A KIDNEY BEAN SEED!!! And you know what? The stupid coat is like so difficult to peel...wish I had even longer fingernails. Luckily I remember the major part was the cotyledons while the protruding thing was a radical...not too bad. But the next experiment was worse!! I had to choose 40 brown and white rice seeds and had to measure each and every single one of their lengths! I felt so frustrated upon doing this. Think I'm going to fail my Biology practical!! Ah!! And there are 2 killer papers tomorrow (if you consider A Maths and English are)!! Seriously, I really fear that I can forget about the 3-month probation and about graduating this year.
What's worse, some people just do not understand how I feel! Recalling my conversation with him just makes me want to throw up blood! Fine, you say if I think I'm lousy, those people who are lazy should quit school long ago. But look, it's ok if you don't have high hopes about yourself, I do have. And quit telling me that my expectations are influenced by my parents because they're not. You know what? I'm fine with the fact that you don't study and like to switch girlfriends as frequent as you change your clothings, but don't ever tell me to relax my nerves and slack. Because I myself know the result if I do, and that is failure, which I simply cannot tolerate. So just shut up and for once at least try to empathise with me instead of chiding and giving nonsensical opinions!!

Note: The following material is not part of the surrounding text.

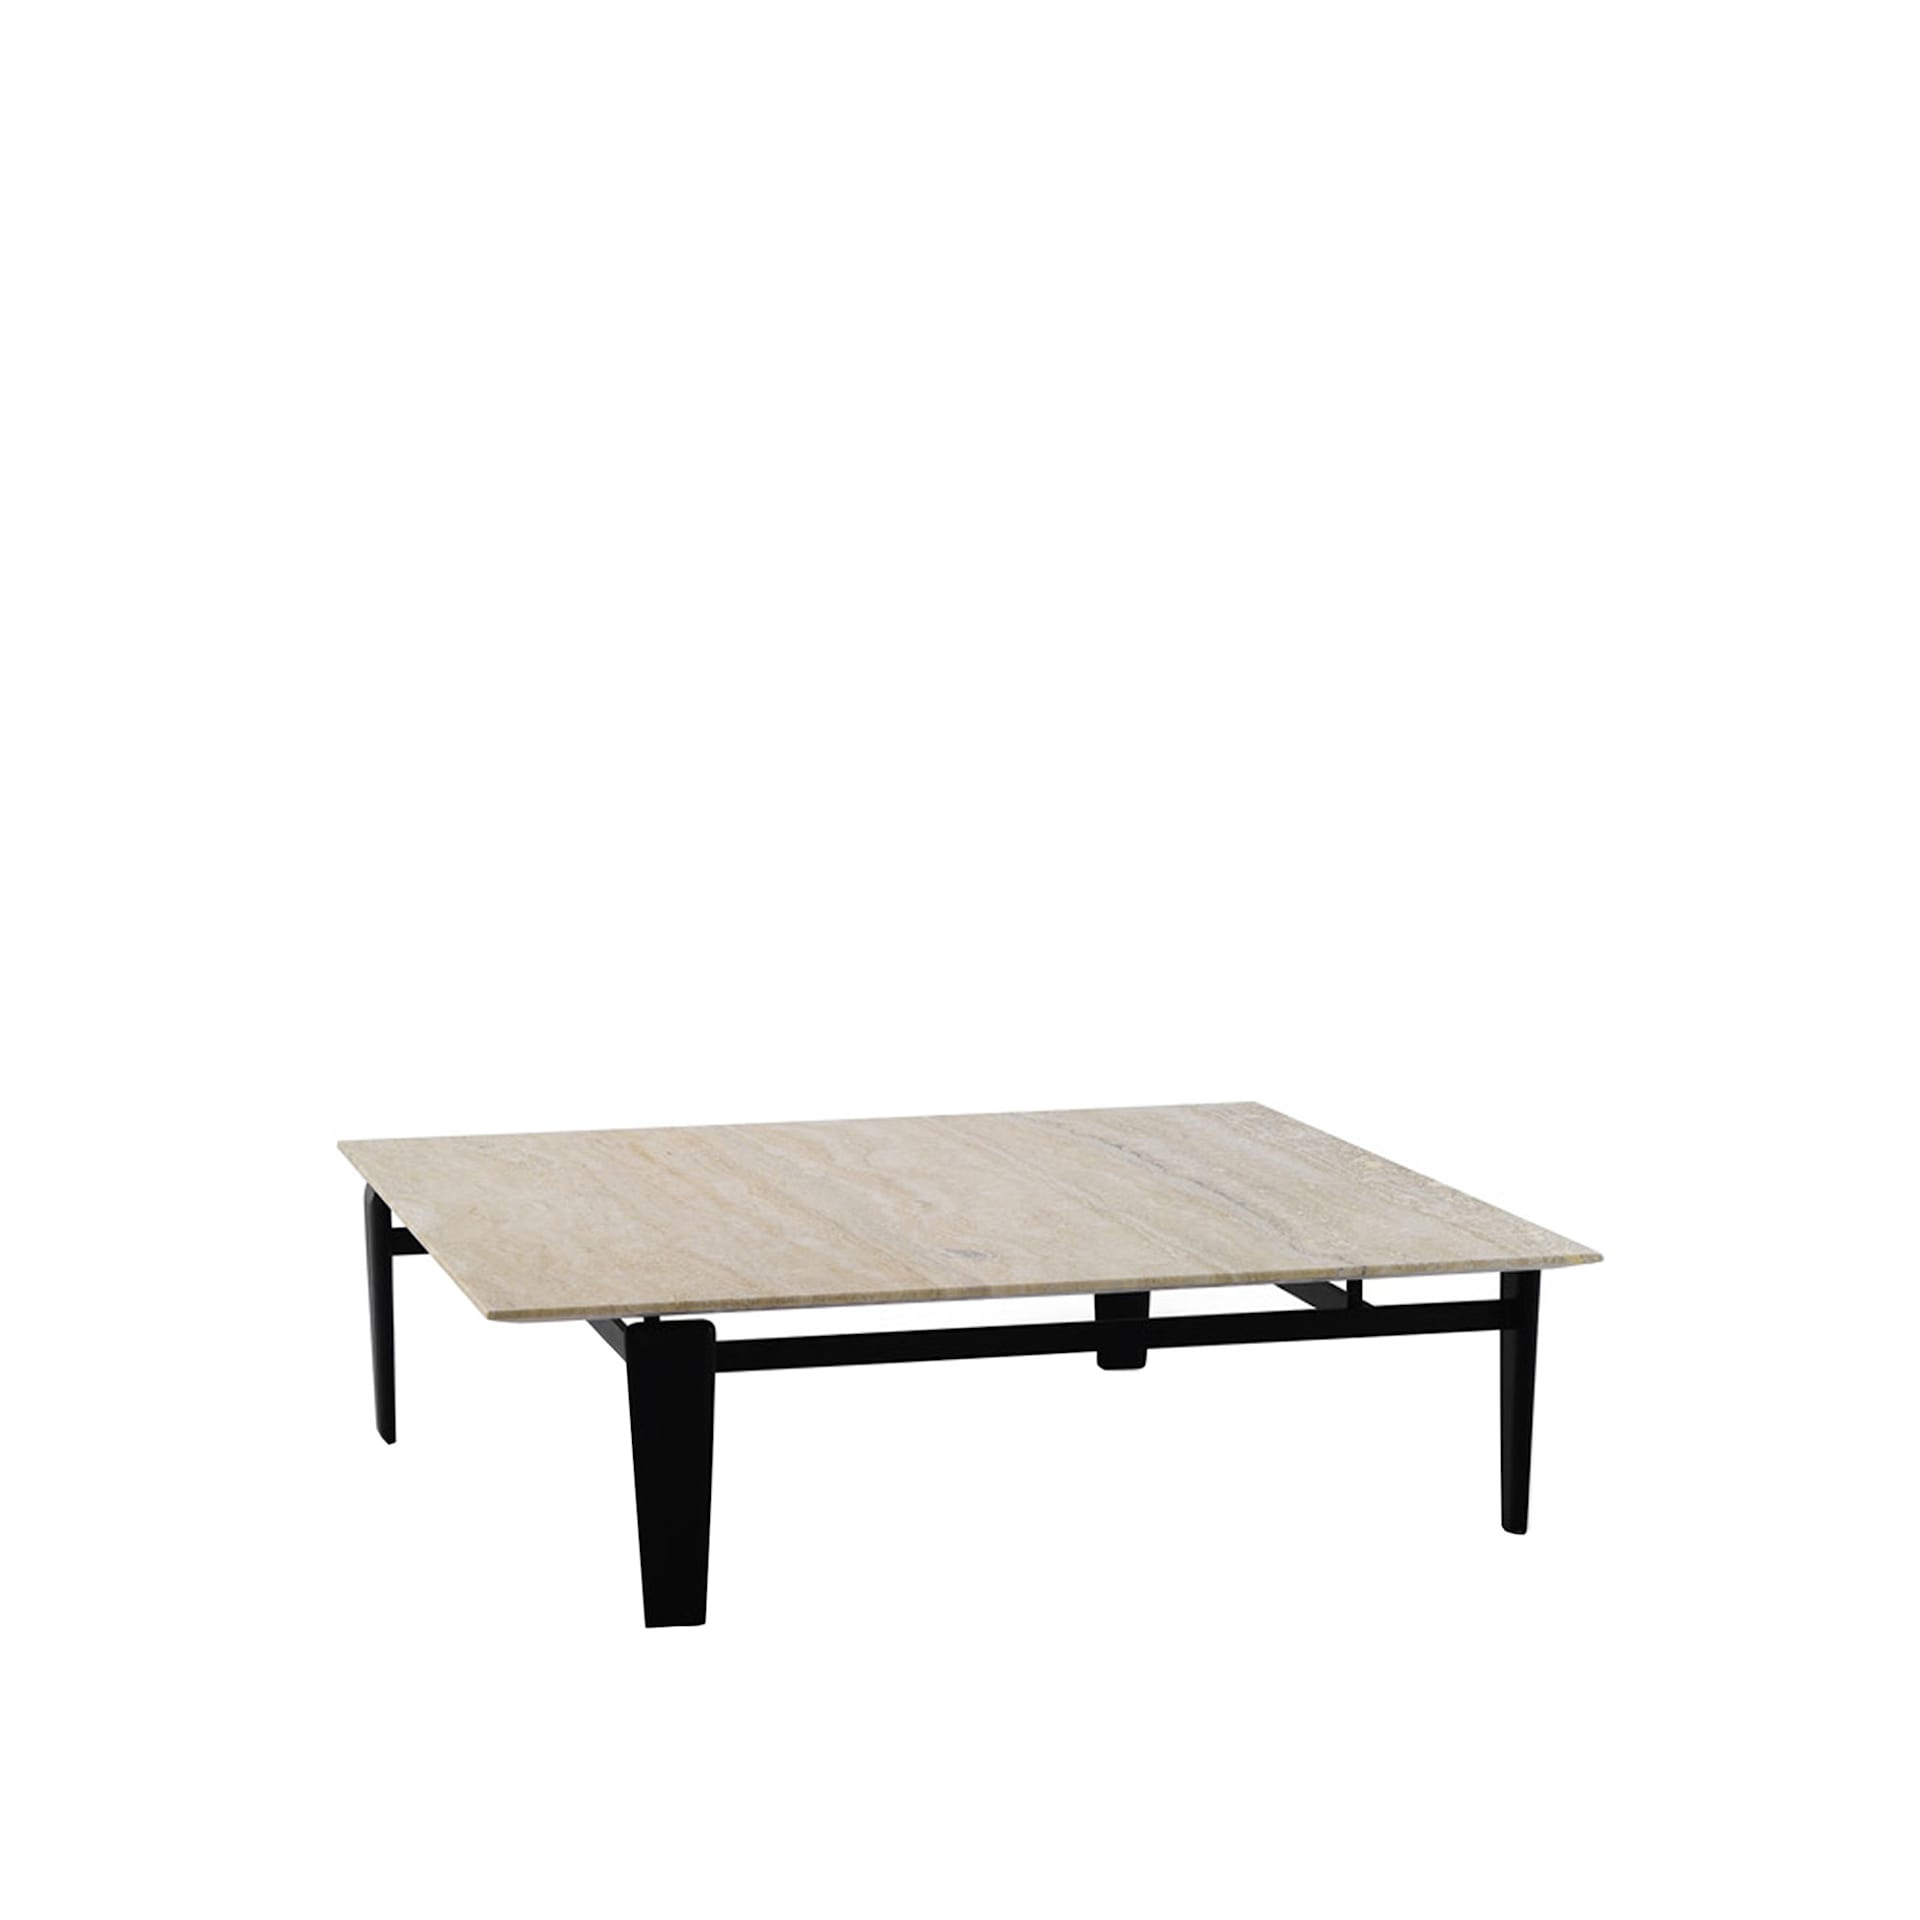 Tablet Small Table 109 x 109 cm - Arflex - Claesson Koivisto Rune - NO GA

Received a postcard from Teens 4 Christ yesterday...it sure touched my heart...To Gabriel, Marissa, Marcus, Caleb, Uncle Samuel, Aunty Yvonne and Sybin jie jie: A million and one thanks and heartfelt gratitude to you guys!! Really appreciate the fact that I'm missed in church and also I'm not the only one going through this difficult and tiring road alone. Miss all of you too! Hopefully I can come for worship and fellowship after my Prelims.